Some words of encouragement for those of you who have been trying to get your work published.

Submitting stories for publication can be a long and thankless task, but it is immensely uplifting when a story is accepted. It means that someone has read your work and has, in a sense, validated it. One of my favourite stories: A Cure For Snakebites, was sent out a total of 30 times to different literary journals between 2011 and 2017. I re-wrote the story multiple times, but essentially the heart of it remained the same. I had a message to convey and somewhere the message was embedded in that story.  Sometimes when we start writing a story – or even when we have written the first few drafts – we are not sure what our story is about. We cling to that tale because our heart says we must.

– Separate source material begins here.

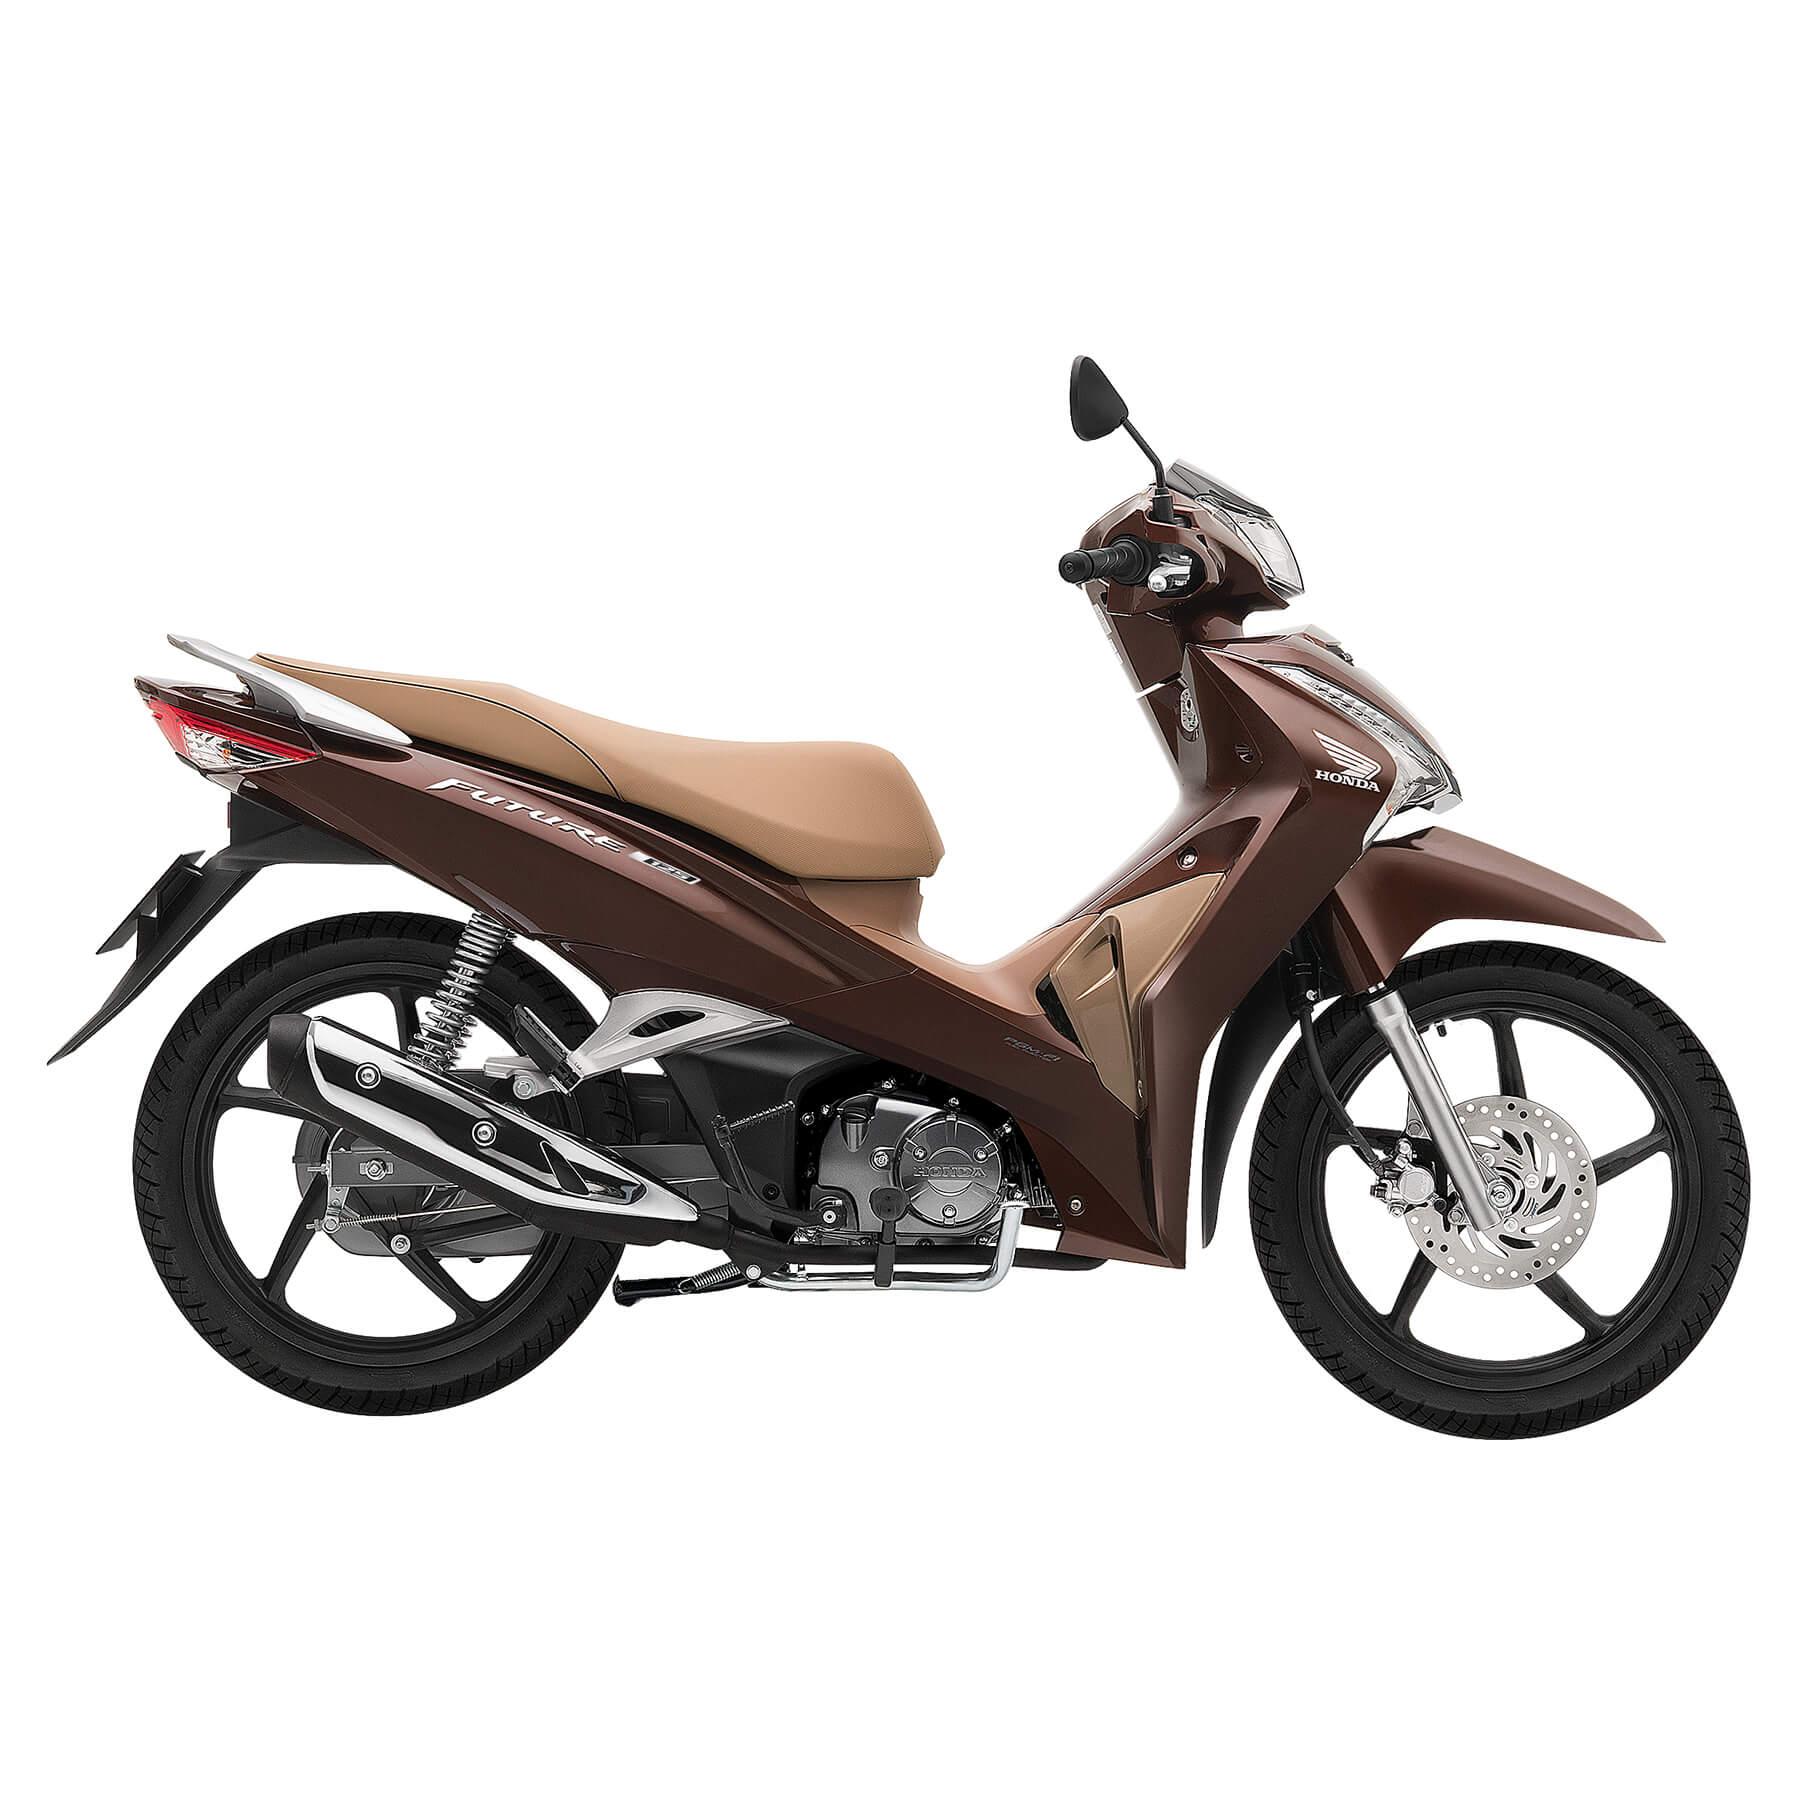 mau-vang-honda-future-2019-muaxebanxe-com

I stuck with this story for that reason. I would take it out, re-read it, tweak it, and experience a range of ‘Aha!’ moments as I began to understand what it meant for me. The writer Dorothea Brande said, “Writing is re-writing.” We need to re-write in order to dig deeply and find out what is in the pit of our subconscious. So, don’t write your story and say that you are done with it after the first draft. Look again and you will see something new. 

For readers, our stories may have many different meanings. We can explain up to a point what we were trying to say, but ultimately it must be for the reader to search and find what they are looking for in that story.

A Cure For Snakebites was finally accepted on the 31st try, by the literary journal Litro at the beginning of 2017, and I later republished it under the title Charmed in the collection  A Brief History of Several Boyfriends.

3 A Brief History of Several Boyfriends - janet Olearski

Part of the key to getting your stories published is finding the right match between your style of writing and the journal to which you are submitting. That means reading the material they publish to see if your story is likely to fit. Don’t submit at random. Your story, if you love it, deserves better than that.